### Brief
For this exercise, copy the data exactly and omit any images.

[Source material — start]

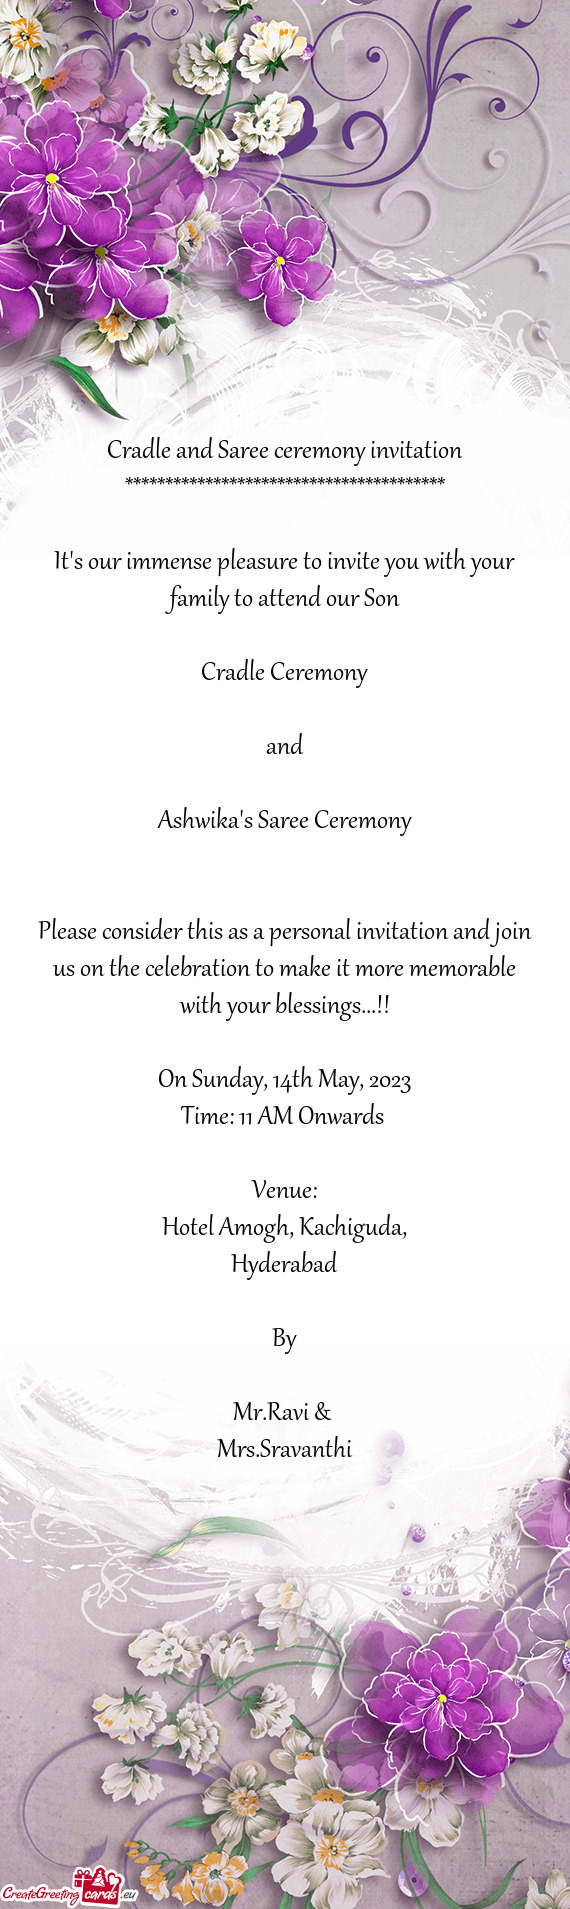 Cradle and Saree ceremony invitation
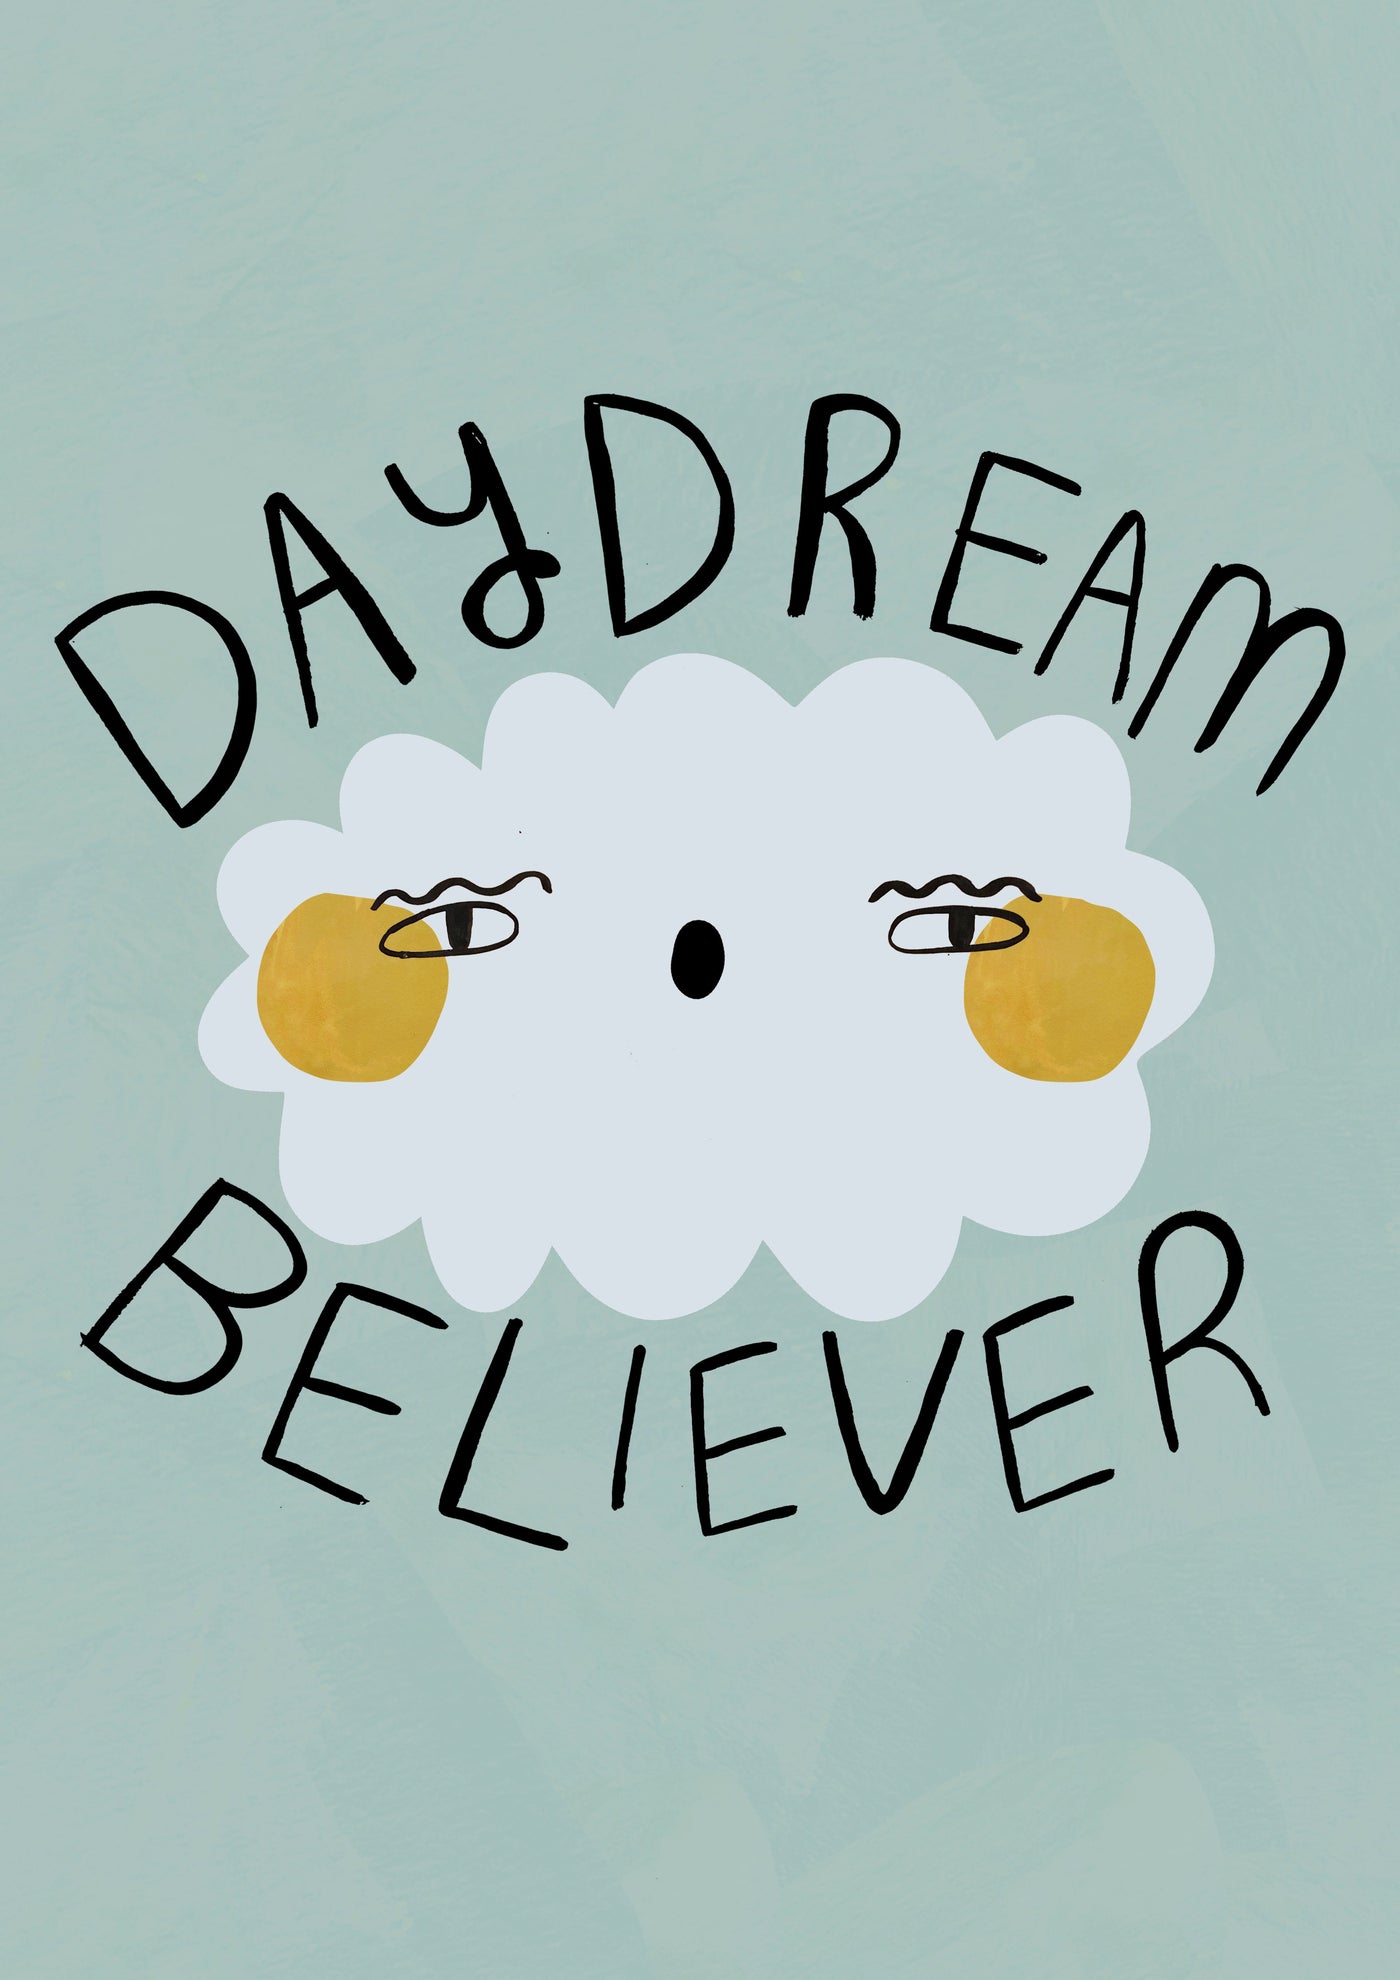 Daydream believer print
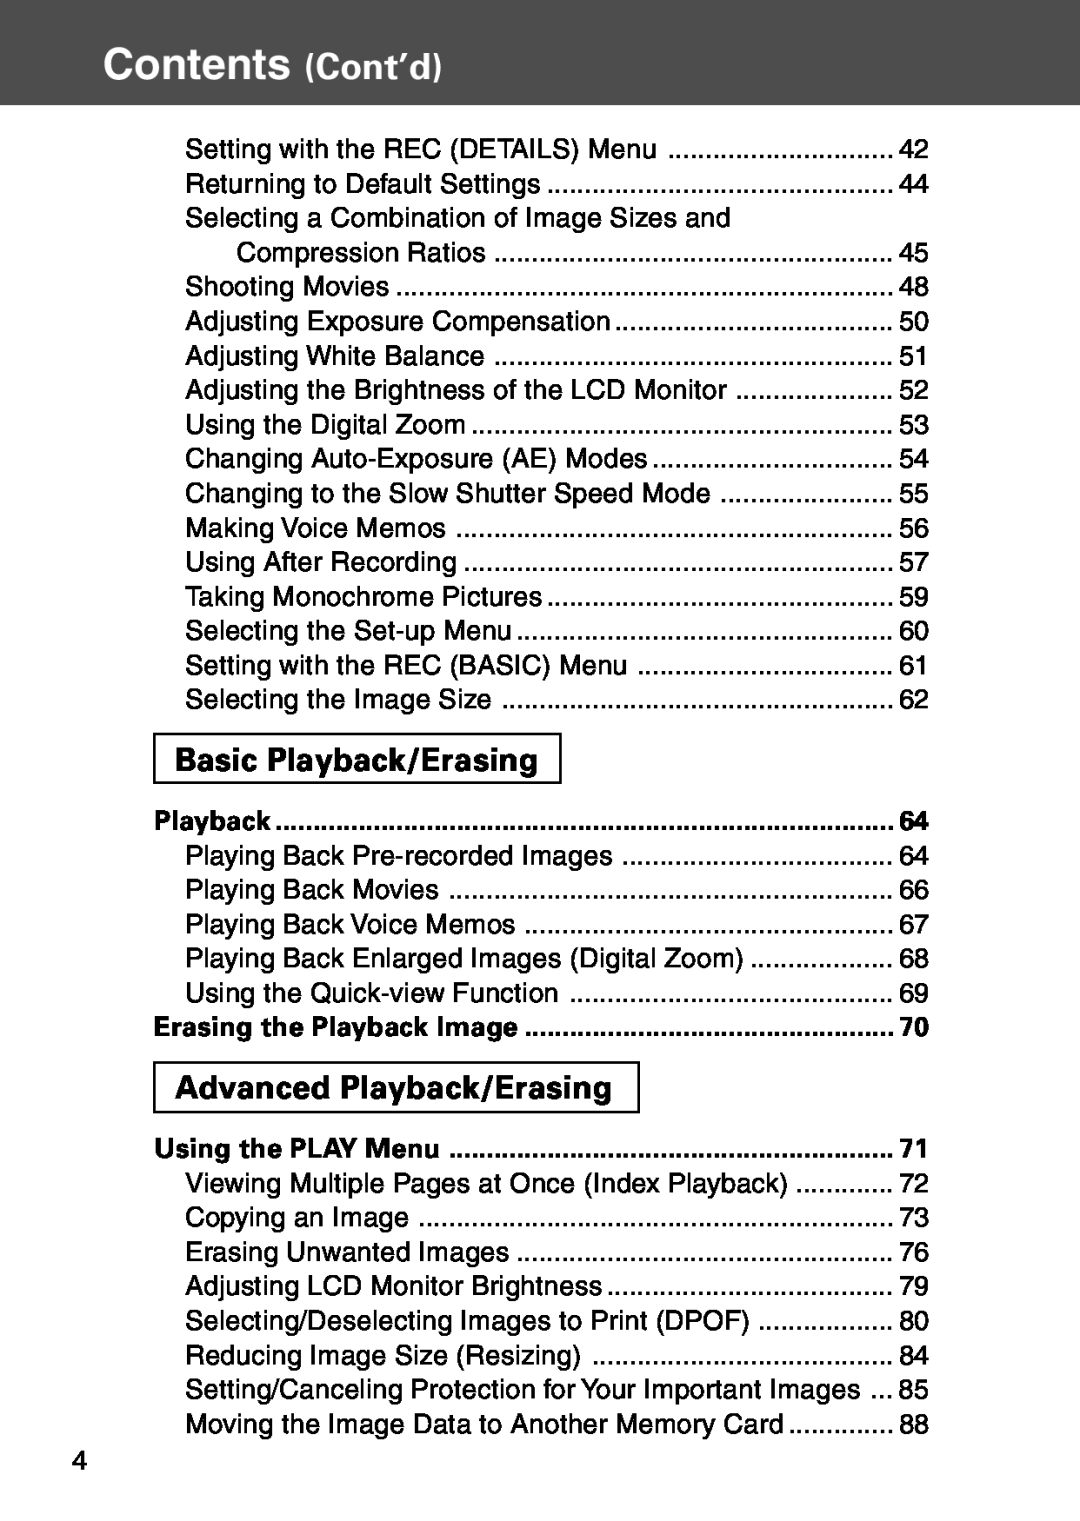 Konica Minolta KD-500Z user manual Contents Cont’d, Basic Playback/Erasing, Advanced Playback/Erasing 
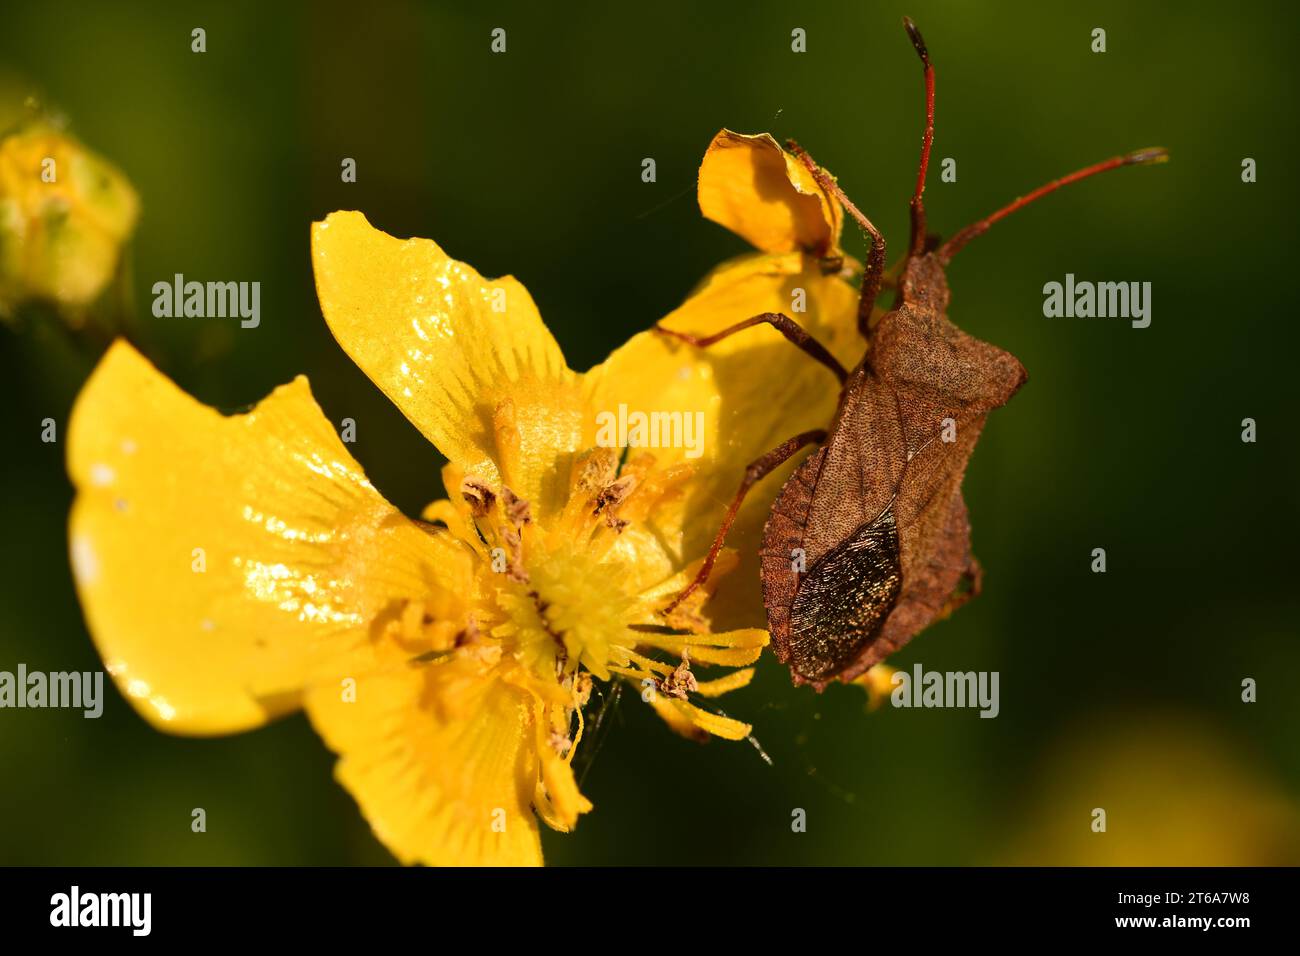 Coreidae, Leaf-footed bug, insects, macro photography, Kilkenny, Ireland Stock Photo

[Source material — finish]

### Finished exercise
 Cradle and Saree ceremony invitation
 Daydream believer print
 Konica Minolta KD-500Z user manual Contents Cont’d, Basic Playback/Erasing, Advanced Playback/Erasing 
 Coreidae, Leaf-footed bug, insects, macro photography, Kilkenny, Ireland Stock Photo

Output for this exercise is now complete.